§ **INSTRUCTIONS FOR THE TASK**: The full listing, word for word and free of images, is the expected result.

§ **DATA SEGMENT**:
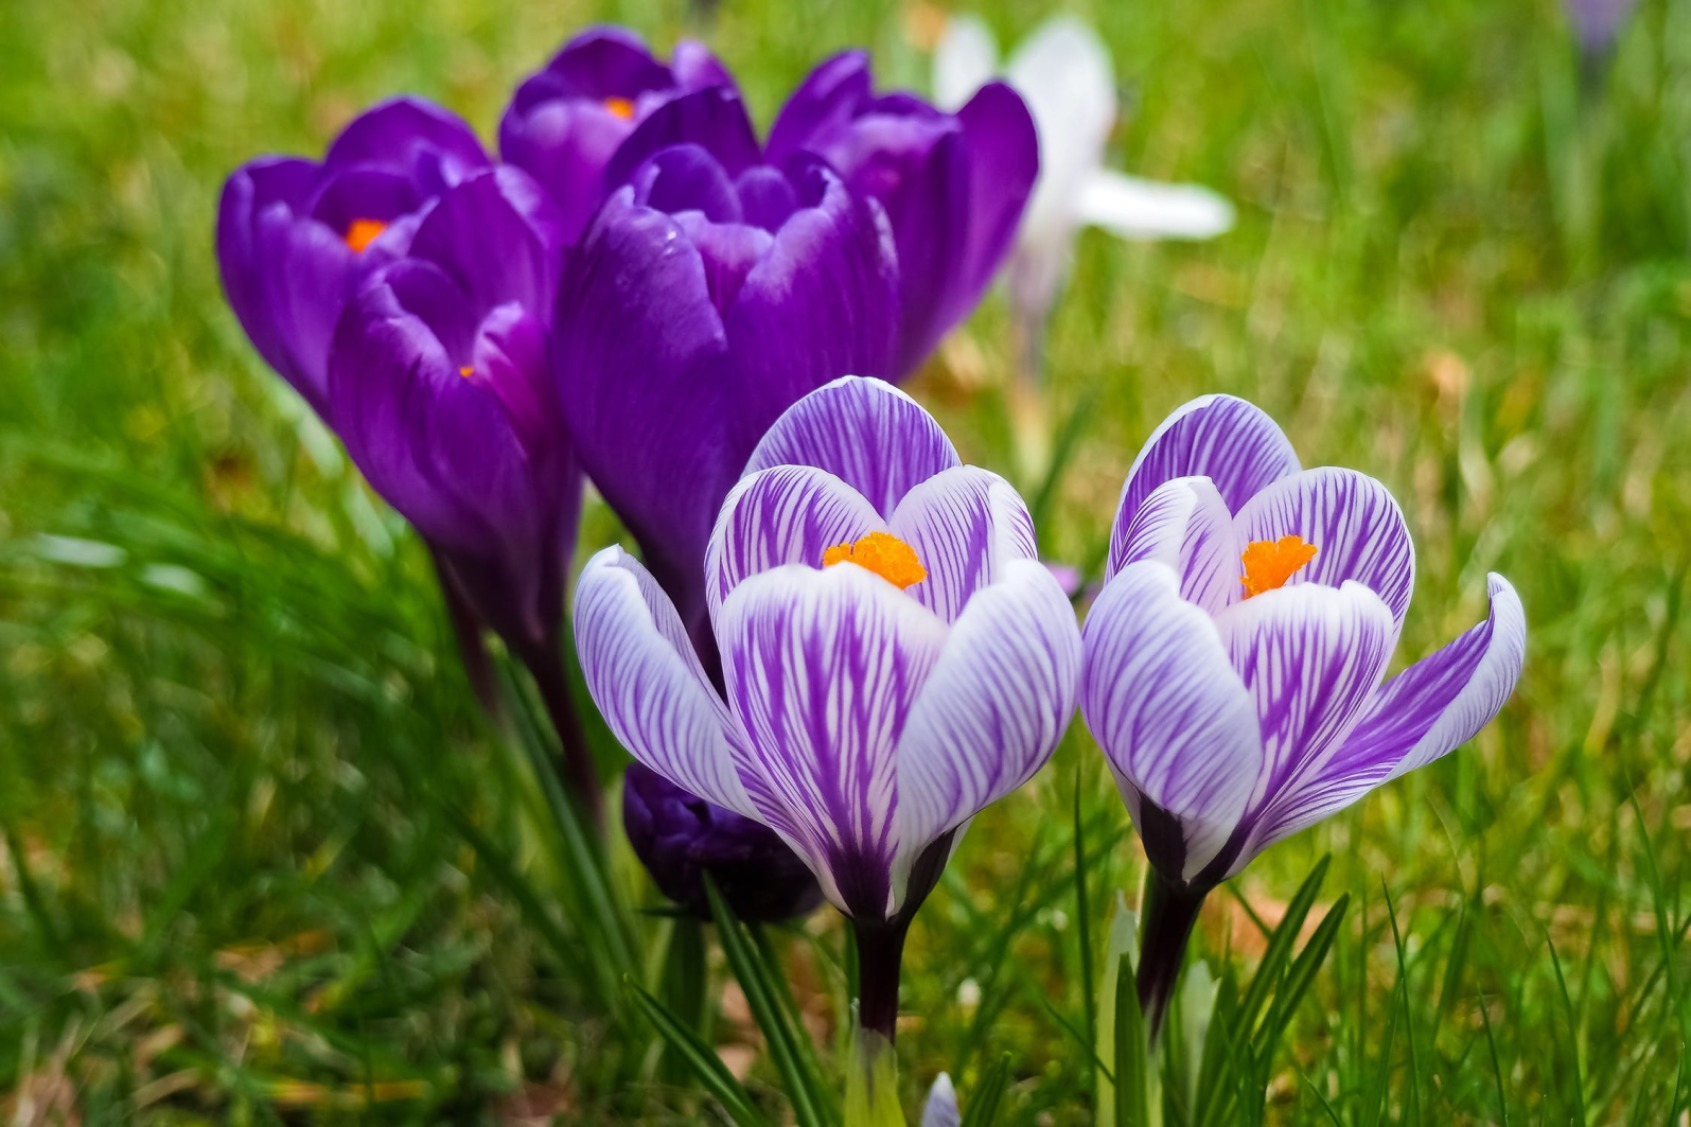 Crocus Flowers - Original image
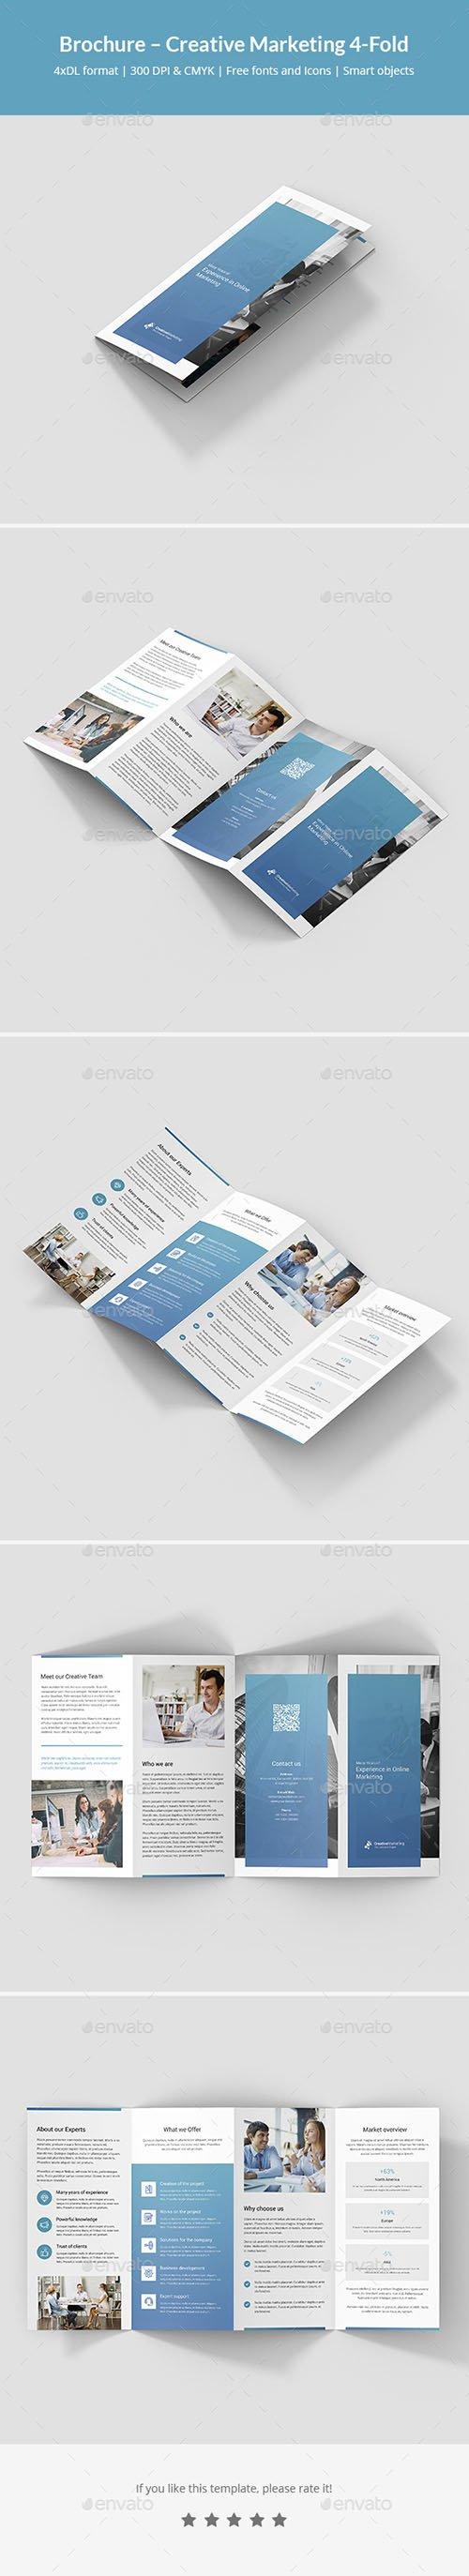 GR - Brochure – Creative Marketing 4-Fold 21487774
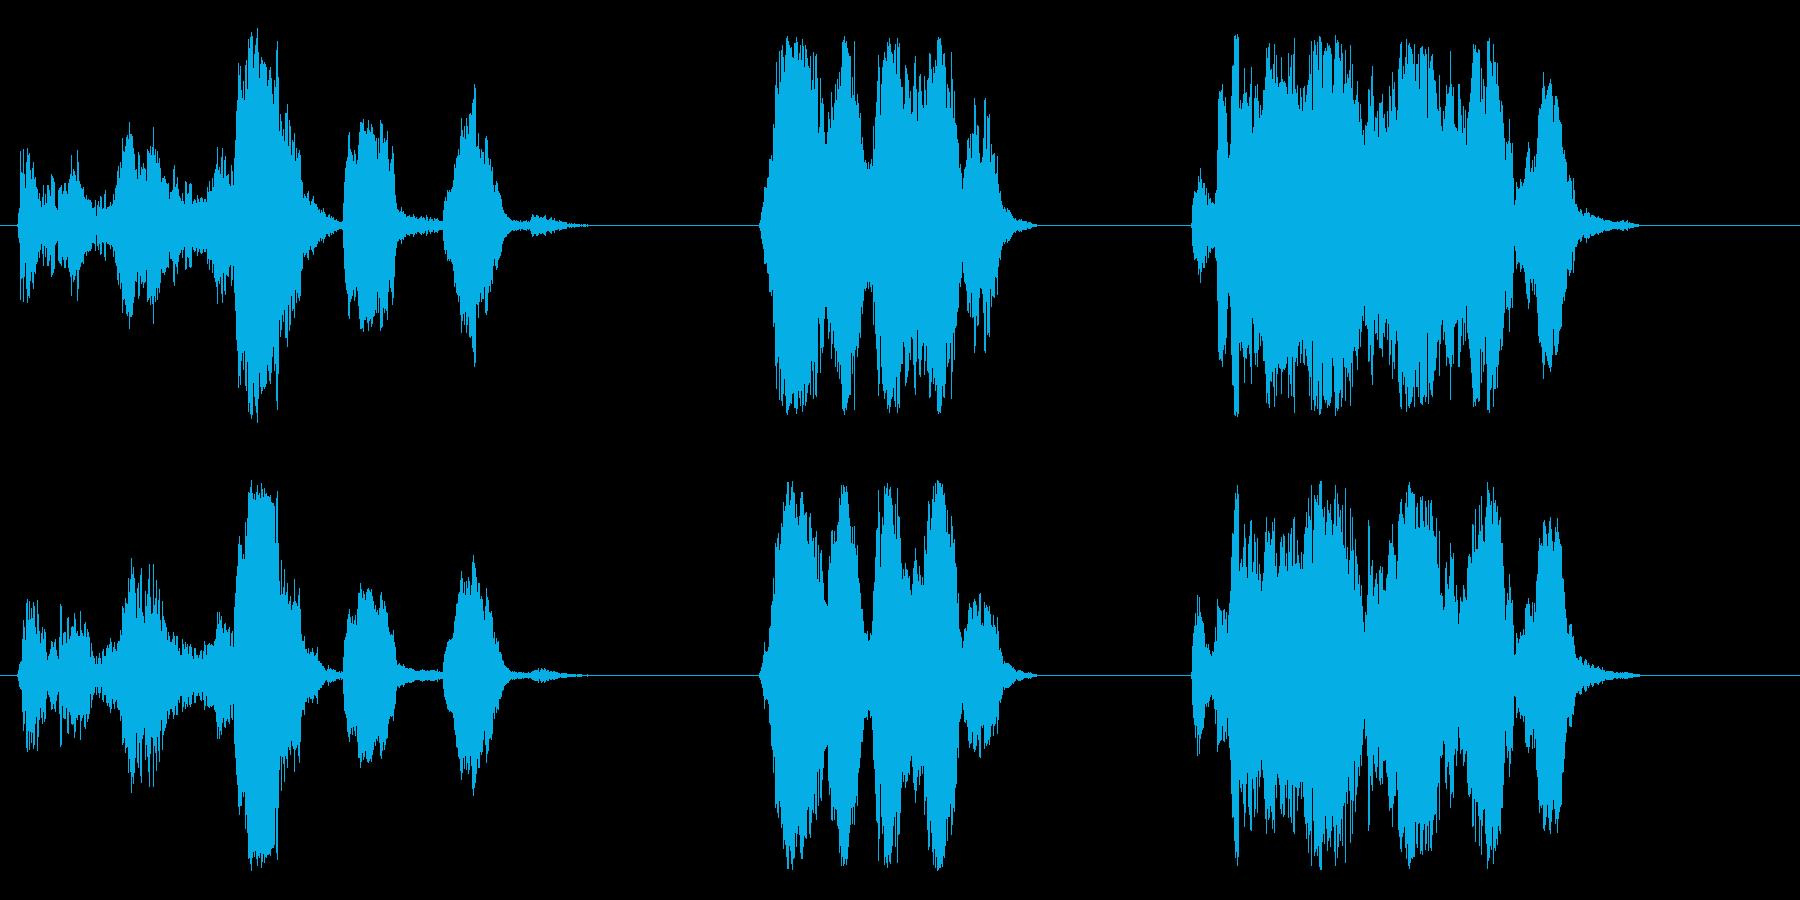 Peacocks Cry X 3;鳥の再生済みの波形

§ **EXERCISE SOLUTION**:
 Crocus Flowers - Original image
 GR - Brochure – Creative Marketing 4-Fold 21487774
 Peacocks Cry X 3;鳥の再生済みの波形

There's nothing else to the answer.